Rwanda, at best a reluctant peacemaker with members of both the Interahamwe and former soldiers of the Hutu Rwanda army in DRC, decided to protect its frontiers by occupying eastern areas of DRC and continued to assist the rebels against Kabila
. On the other side, both Angola and Zimbabwe were increasing their presence and support for the Kabila government. In fact, in early 2000 the peace accord was broken almost all the time in Shaba, Kivu and Equateur provinces. Kabila offered an amnesty to any rebel who was willing to accept his authority but the offer was turned down by the MLC and RCD. Another ceasefire was agreed on 8 April, but the introduction of UN peacekeepers was delayed because the opposing forces refused to withdraw to established positions to allow the UN forces to be deployed. An SADC emergency meeting, scheduled for August in Lusaka, collapsed when Kabila refused to accept Masire as mediator. Kabila was also angered because his allies, Angola and Zimbabwe, would not call for the withdrawal of Rwanda and Uganda. Kabila then suspended the Lusaka accords and called for direct negotiations with Rwanda, Uganda and Burundi and rejected UN peacekeepers. Kabila’s intransigence could be related to the success or failure of his troops: they had been gaining ground so he did not make any concessions; in August and September they lost ground. New peace initiatives were attempted at the end of 2000. Early in 2001, however, RCD and Rwandan troops moved south to capture Pweto on Lake Mweru causing 3,000 Zimbabwean and Congolese troops to flee to Zambia, leaving the way open to Lubumbashi, the capital of Shaba and Kabila’s major stronghold.
The minerals of eastern Zaïre acted as a magnet to Uganda and Rwanda and their mining and illegal export financed military operations.

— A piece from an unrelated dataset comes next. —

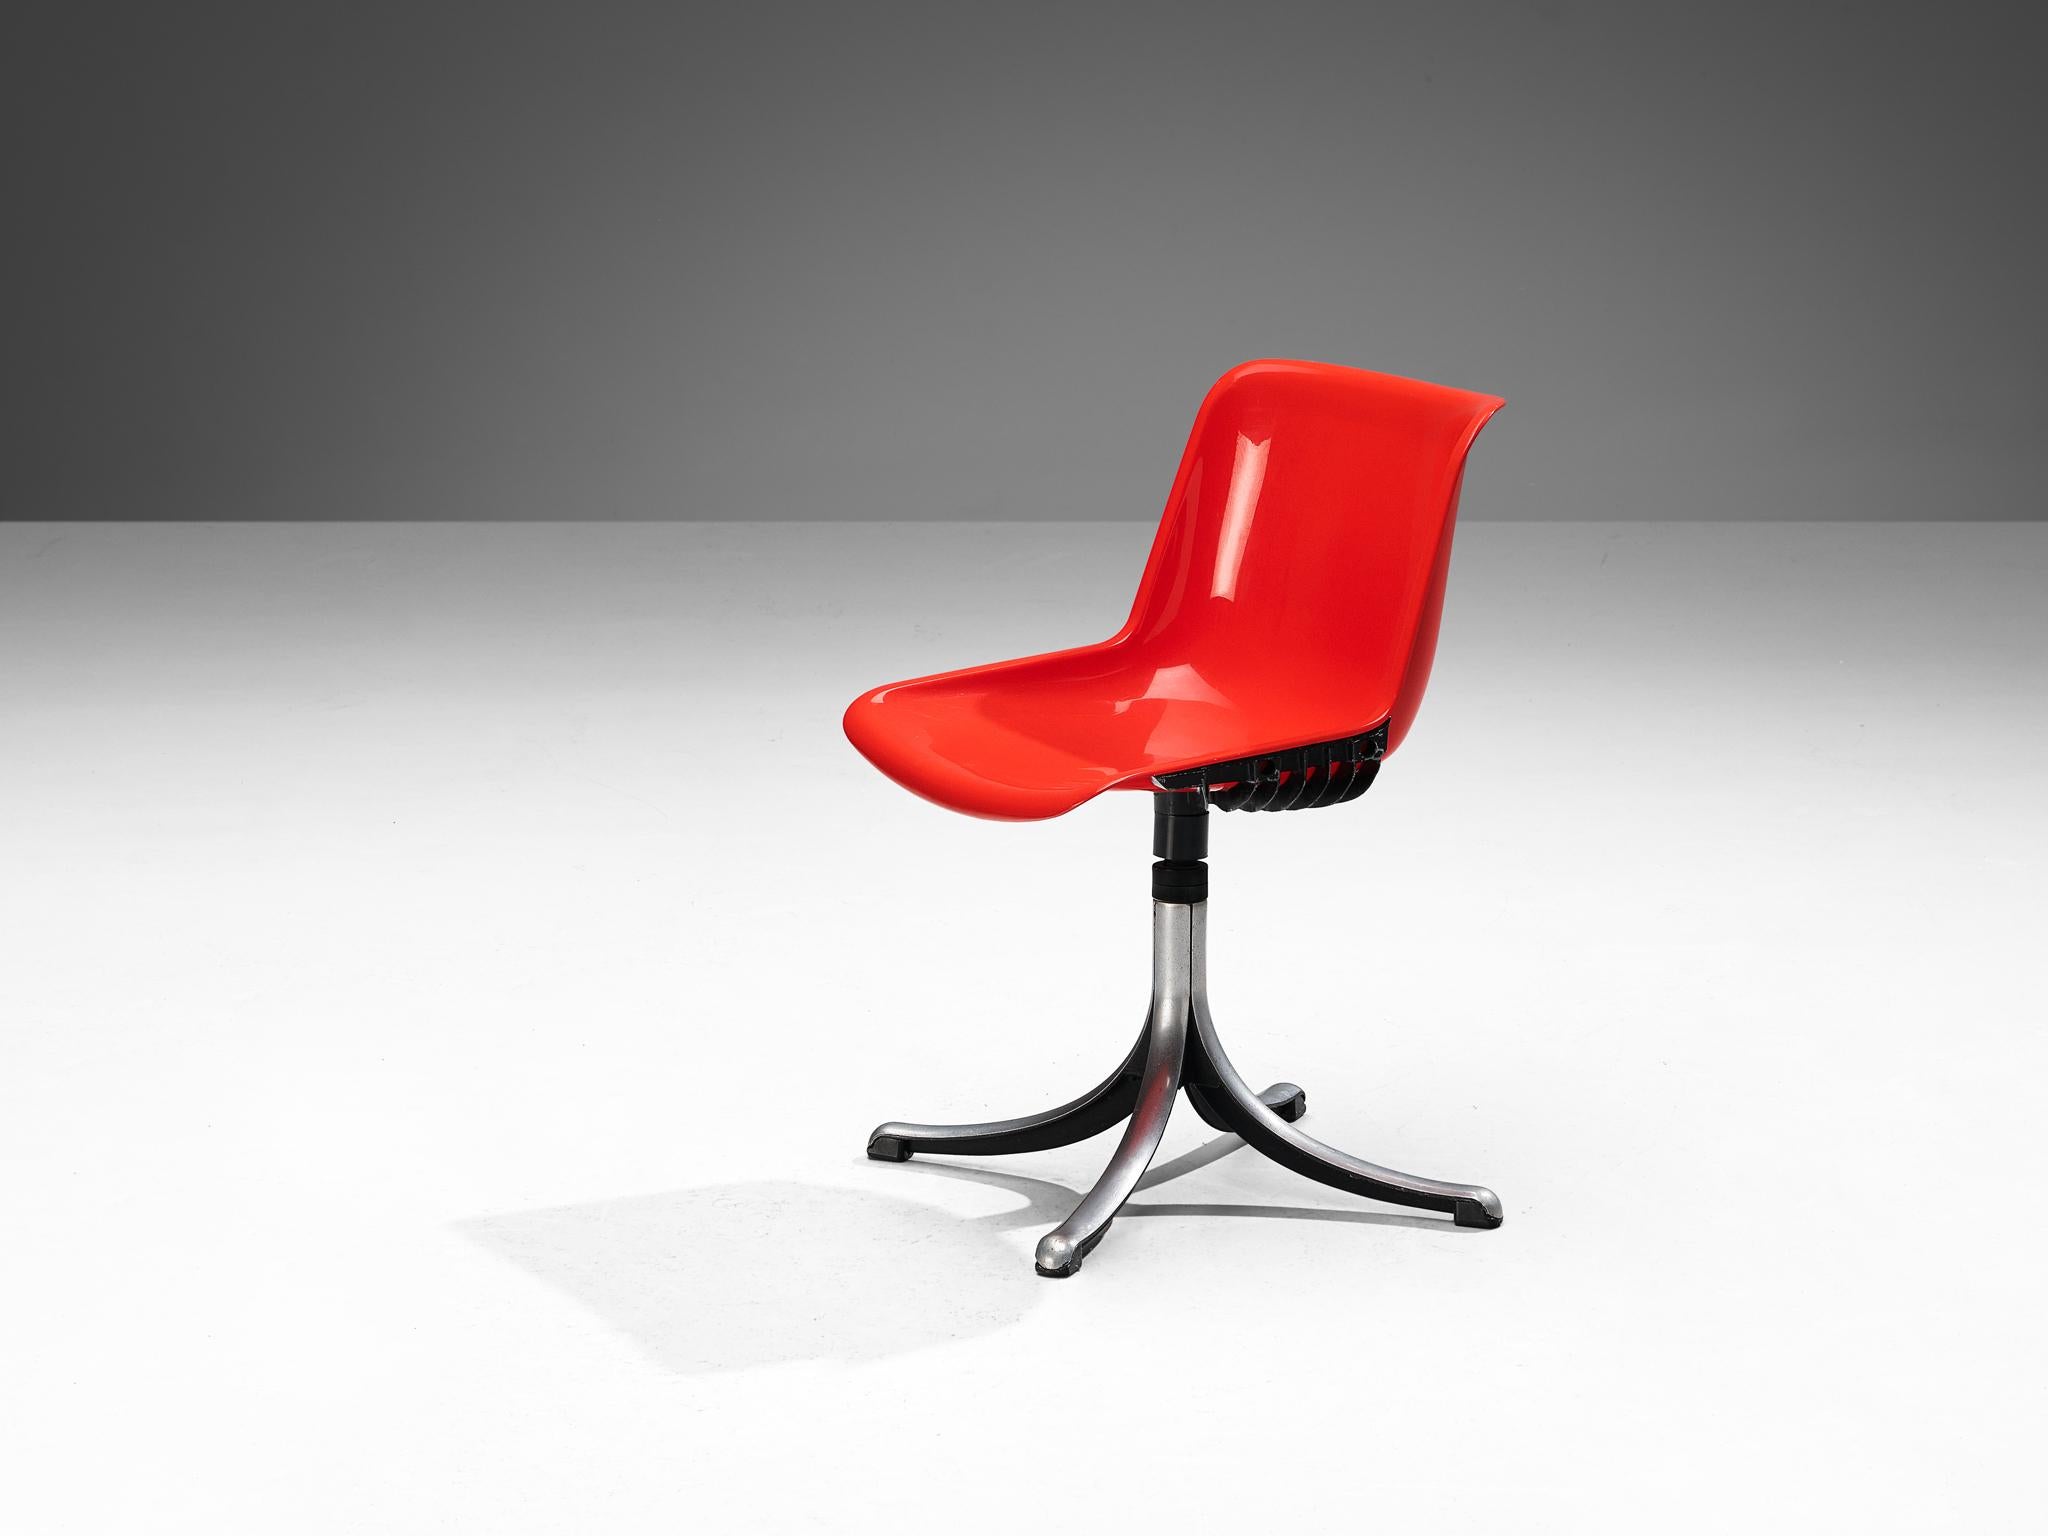 Centro Progetti Tecno, desk chair, model ‘Modus', nylon / plastic, aluminum, Italy, production 1973

Highly functional office chair designed by Centro Progetti Tecno that is part of the Modus seating system, the first project to initiate by CPT. The

At the height of the coltan boom in December 2000, revenue from the export of this mineral amounted to over US$1 million a month. In the same year, according to official statistics, the RCD exported gold and diamonds worth US$30 million. ‘After “blood diamonds”, gold and oil, “coltan”, short for columbite-tantalite, a rare ore containing tantalum, has joined the rogues’ gallery of African subsoil resources fuelling wars on the ground. Coltan is a crucial element in the manufacture of mobile phones, PlayStations or any item that needs a capacitor to maintain the electric charge of a computer microchip.’10 Its rarity – and abundance in eastern Congo – has turned it into one of the most sought-after ores. It is coltan rather than diamonds or gold that has kept the Rwandan war machine operating in the Congo war and has played a big part in attracting Congo’s neighbours to become involved in its war. For years the price of coltan was US$30 a pound but in December 1999 it soared to US$210 before settling at a more modest US$155. Since, apart from Australia, DRC has some of the richest coltan deposits in the world, the rebels declared a monopoly on coltan exports. It is the mineral riches of DRC that explain why six of its neighbours were so keen to become involved in its civil war. Thus Kabila’s allies, Angola, Zimbabwe and Namibia, were granted offshore oil concessions, as well as diamond mines, cobalt and rare timber. The supporters of the rebels – Rwanda and Uganda – were taking ‘pay’ for their assistance in diamonds, timber, coffee, gold and tantalum. Uganda, which backed the rebels in the main DRC gold region of Bunia, has no important gold reserves but since the war has registered as a gold exporter. Rwanda’s intervention in support of the RCD has been largely financed by the tantalum and diamonds it was able to extract. The RCD president, Adolphe Onusumba, justified the illegal export of these DRC ores, saying: ‘I mean – we are at war. We need to maintain the soldiers. We need to pay for services.’